Repetí la mentira una y otra vez, convirtiéndola en un mantra que para lo único que sirvió fue para auto convencerme de que la verdad no le haría ningún bien.
Mientras reconfortaba a Raúl una portezuela verde se abrió; no vi quién la movía, pero sabía que era ella. Con rabia abracé a mi hermano, a un muchacho de 16 años, mientras su madre se escabullía detrás de una puerta, esperando a que nos marcháramos.
Convencí a Raúl de quedarnos a pasar el día, y como hacía muy buen tiempo, aprovechamos el sol comiendo helado y paseando por la playa.
Por la noche salí de la ducha y vi que se había quedado dormido. Me vestí mientras miraba cómo se revolvía entre las sábanas; no estaba teniendo un sueño agradable, así que me reservé las ganas de tumbarme a su lado para luego. Tenía algo que hacer.
Me costó un rato encontrarla, pero cuando llegué hasta ella estaba a punto de pincharse, buscándose una vena hinchada por la presión del cinturón que tenía atado. Me entraron ganas de vomitar e interrumpí la escena antes de ver algo que no deseaba.
– Veo que los malos hábitos siempre vuelven…
Ella me buscó con la mirada perdida. Estaba colocada. Dejó la jeringuilla a un lado y desabrochó el cinturón. Me di cuenta de que al estar frente a ella ese momento me superaba, y no pude aguantar las lágrimas.
– No tendrías que estar viendo esto si no me hubieras echado de casa.
– No te eché de casa y no iba a permitir que arruinaras la vida de Raúl.
No fui capaz de mantener mi vista en sus ojos vidriosos y bajé los míos al suelo. No conseguía reconocer a mi madre
– ¿Qué hay de la tuya?
– La mía la destrozaste muy bien después de la muerte de papá, gracias.
La escuché reírse.
– ¿Qué le vas a decir a tu hermano?
– ¿Te preocupa?
Me tomé unos segundos mirando a mi alrededor.
– No le voy a contar nada porque como madre no existes.
Seguía son su risa baja y sombría.
– Entonces, ¿qué es lo que soy?
Tenía que zanjar la conversación. Estaba tan nerviosa que me dio igual llegar a ser cruel.
– Una yonki.
Sabía que me había pasado, pero en este momento me dio igual. Le di la espalda para marcharme.

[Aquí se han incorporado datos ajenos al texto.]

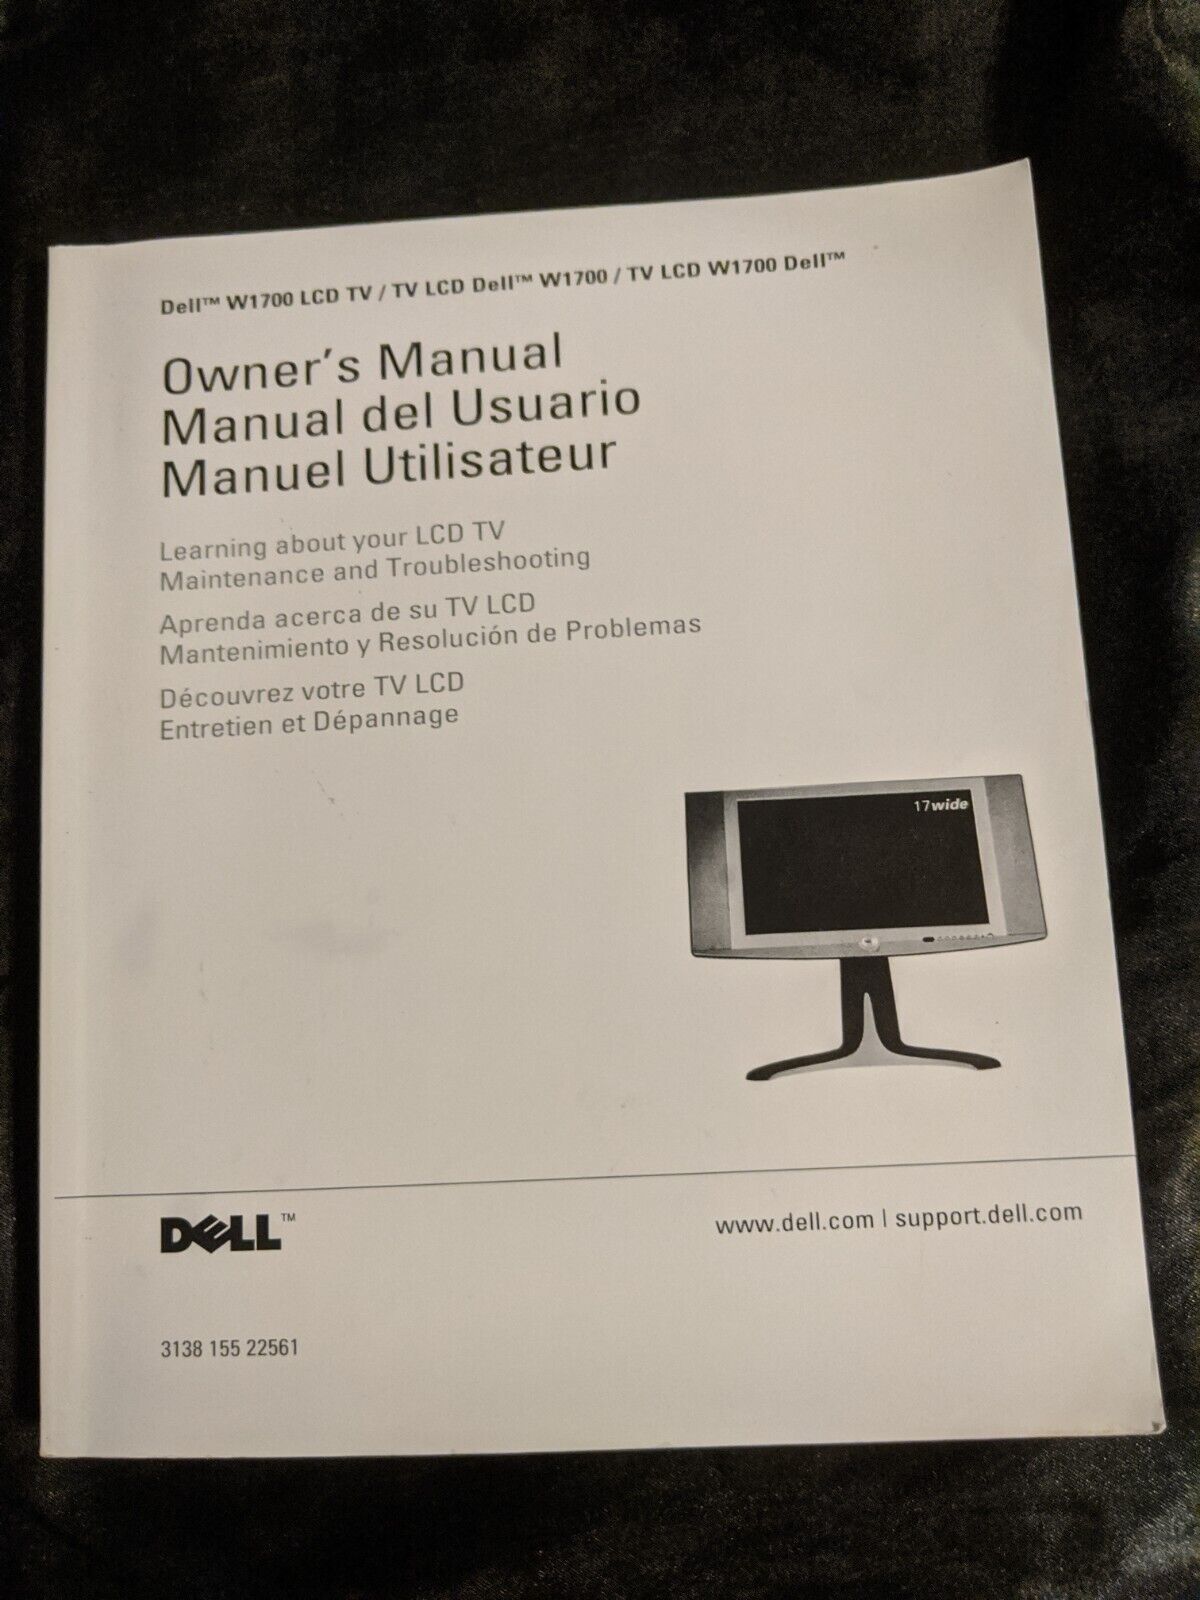 Dell W1700 LCD TV Owners Manual [paperback] various [Jan 01, 2003]… - $21.77
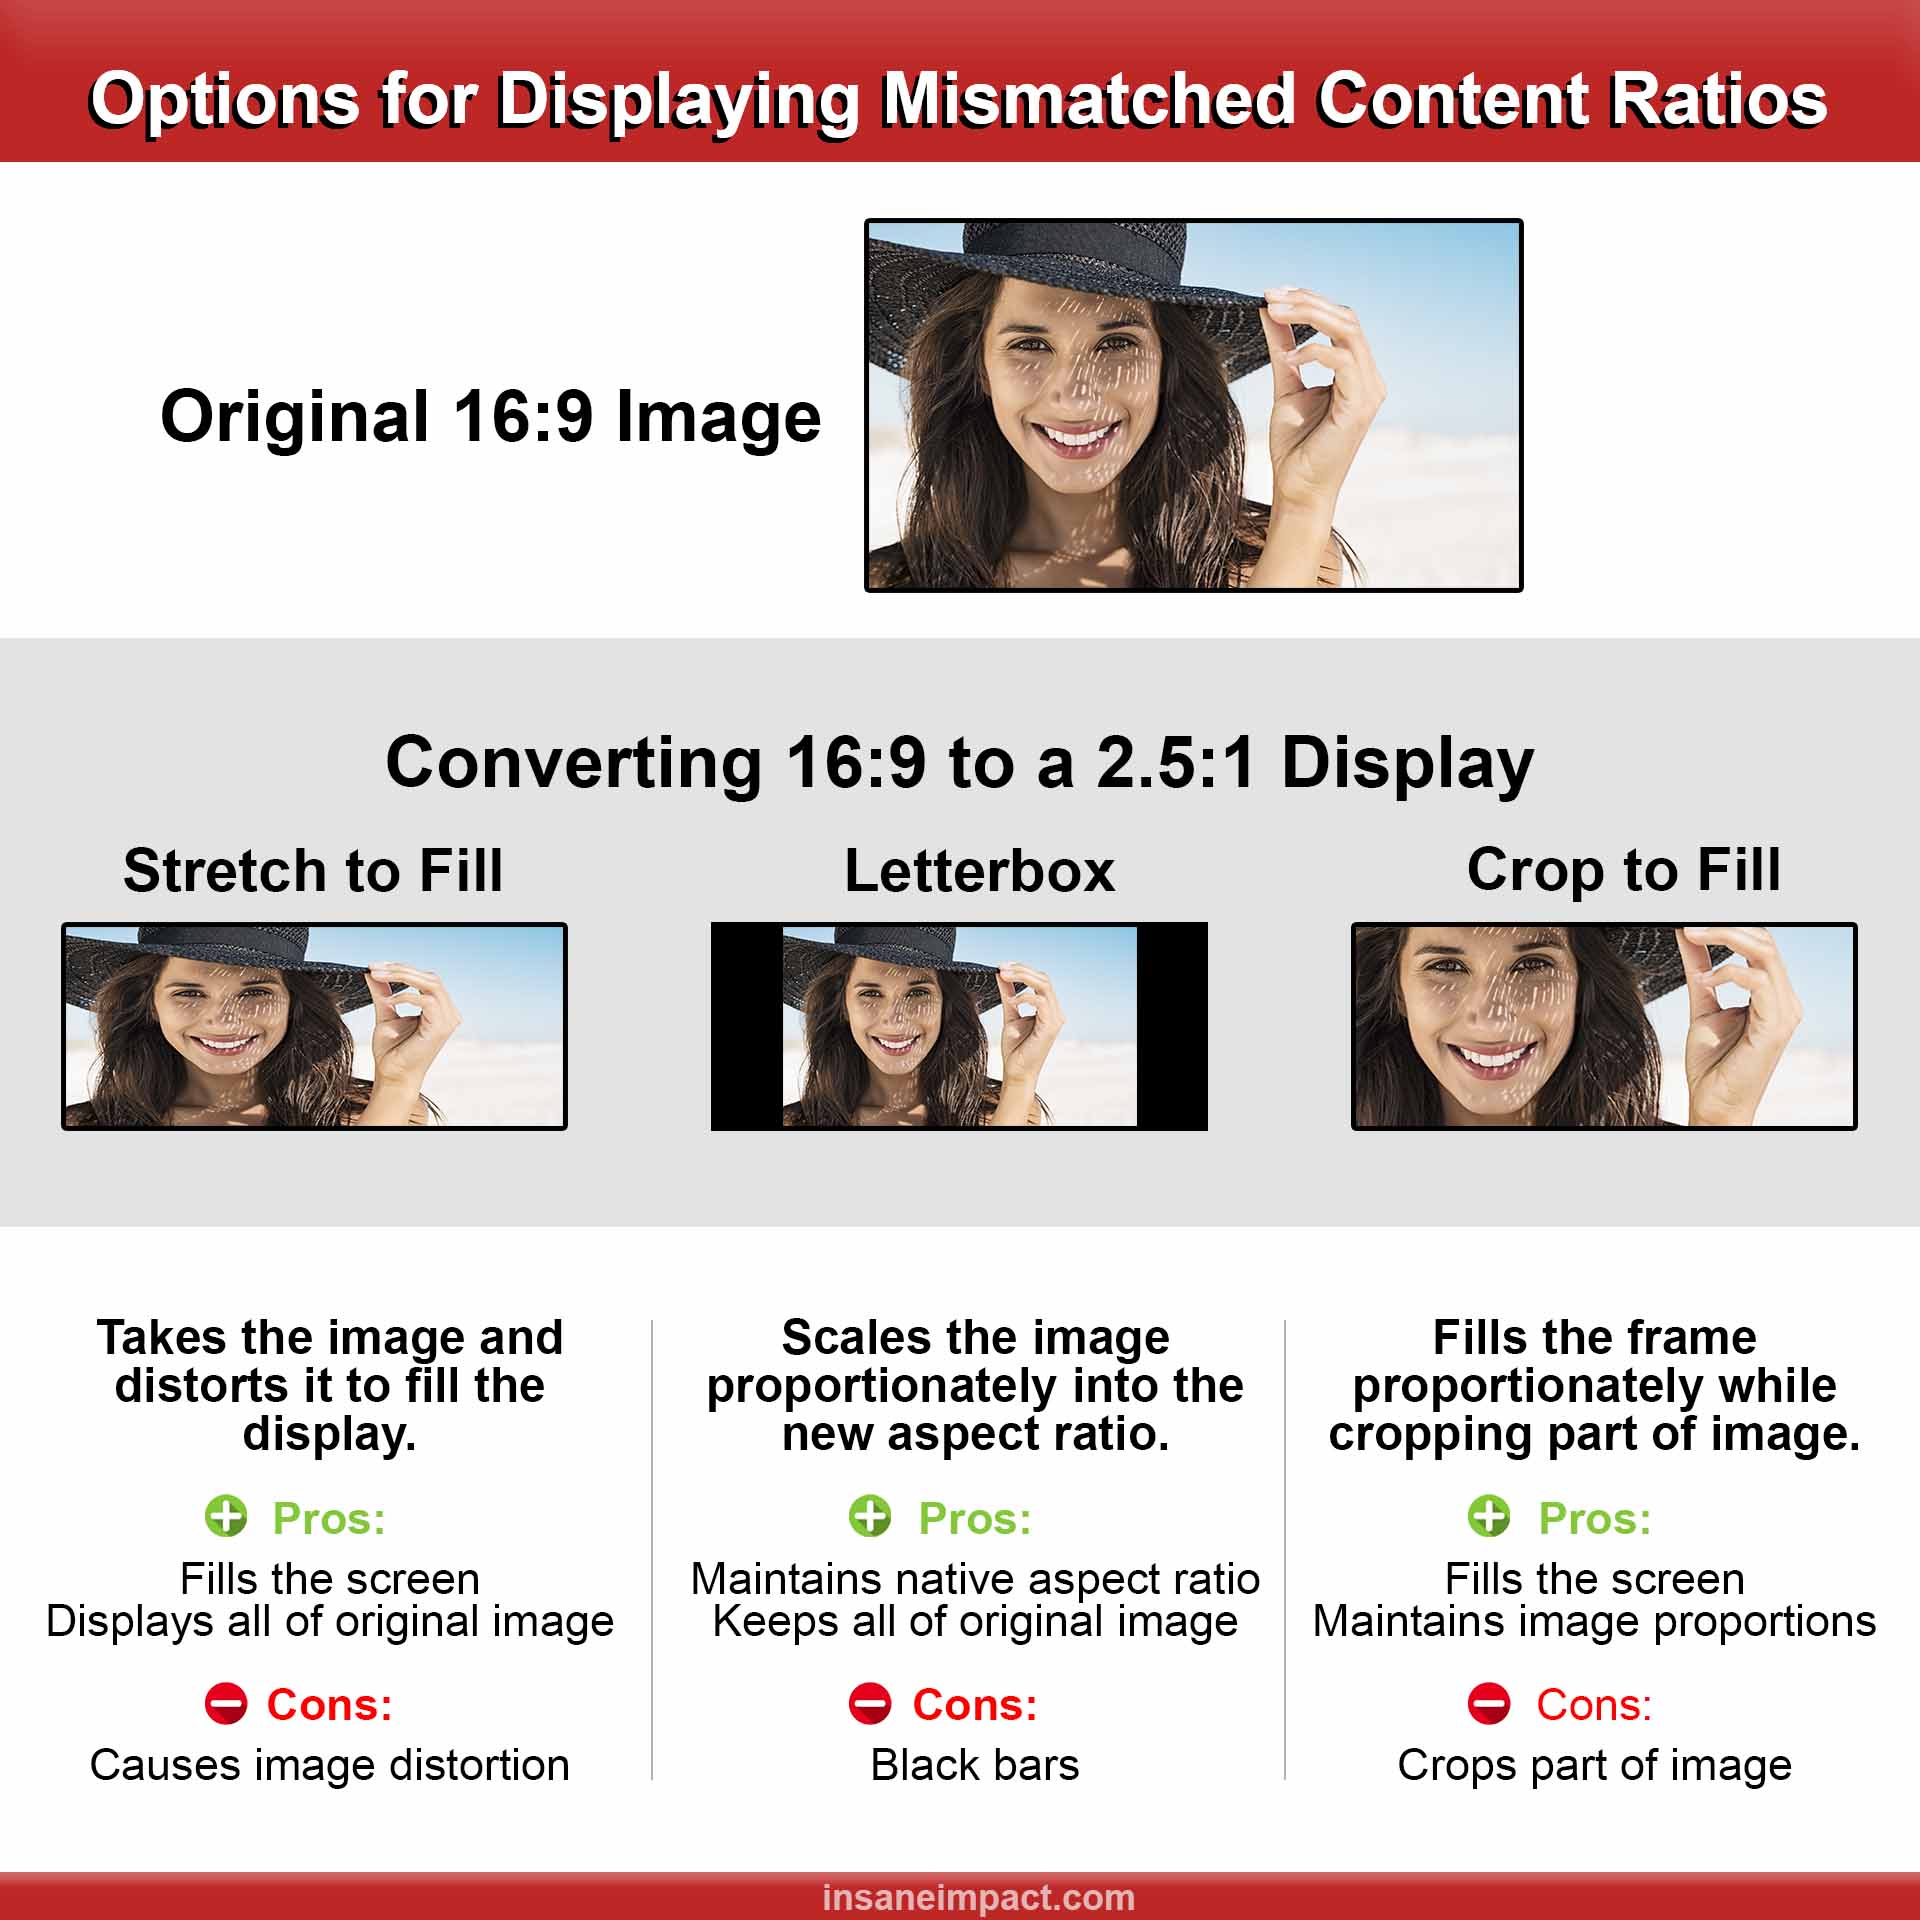 infographic illustrating 3 options for displaying 16 9 ratio content onto non 16 9 screens including stretch to fill letterbox and crop to fill with advantages and disadvantages of each

– Hace algunos años me llamabas mamá.
– Eso fue antes de verte drogándote.
– Te dije que lo dejaría.
La ira se apoderó de mí, me giré y sin preocuparme por las lágrimas la encaré.
– Tuviste 3 años para dejarlo. ¡Tres! Años en los que volvía a casa antes de recoger a mi hermano del colegio para asegurarme de que no había una loca flipándolo en el salón de casa. ¿Así me demuestras que querías dejarlo?
– Realmente me da igual.
Me quedé pasmada, definitivamente me había roto. Sin esperar a una respuesta de mi parte se colocó de nuevo el cinturón.
– Esto es lo único que necesito -, dijo alzando la jeringuilla – podéis iros a la mierda tú y tu hermano.
Me sequé la cara y antes de ver nada me fui sin decir adiós, caminando con toda la calma que pude por la calzada de albero.
Cuando regresé al hotel Raúl estaba despierto, esperándome sentado en la cama. Me quedé junto a la puerta sin saber qué hacer; él me miraba y a mí me temblaban las piernas.
– Sé que era mamá.
Escucharle decir eso me hizo llorar de nuevo, no tenía fuerzas para seguir. Me apoyé en la puerta y me dejé caer. Él se acercó a mí a toda prisa y me abrazó.
– no me protejas más, ¿vale?
En ese momento lloraba de enfado, de impotencia, de dolor… 13 años de mi vida que habían llegado a su fin.
– Gracias por haber cuidado de mi tanto tiempo Sara, pero déjamelo a mí ahora. Déjame cuidar de ti.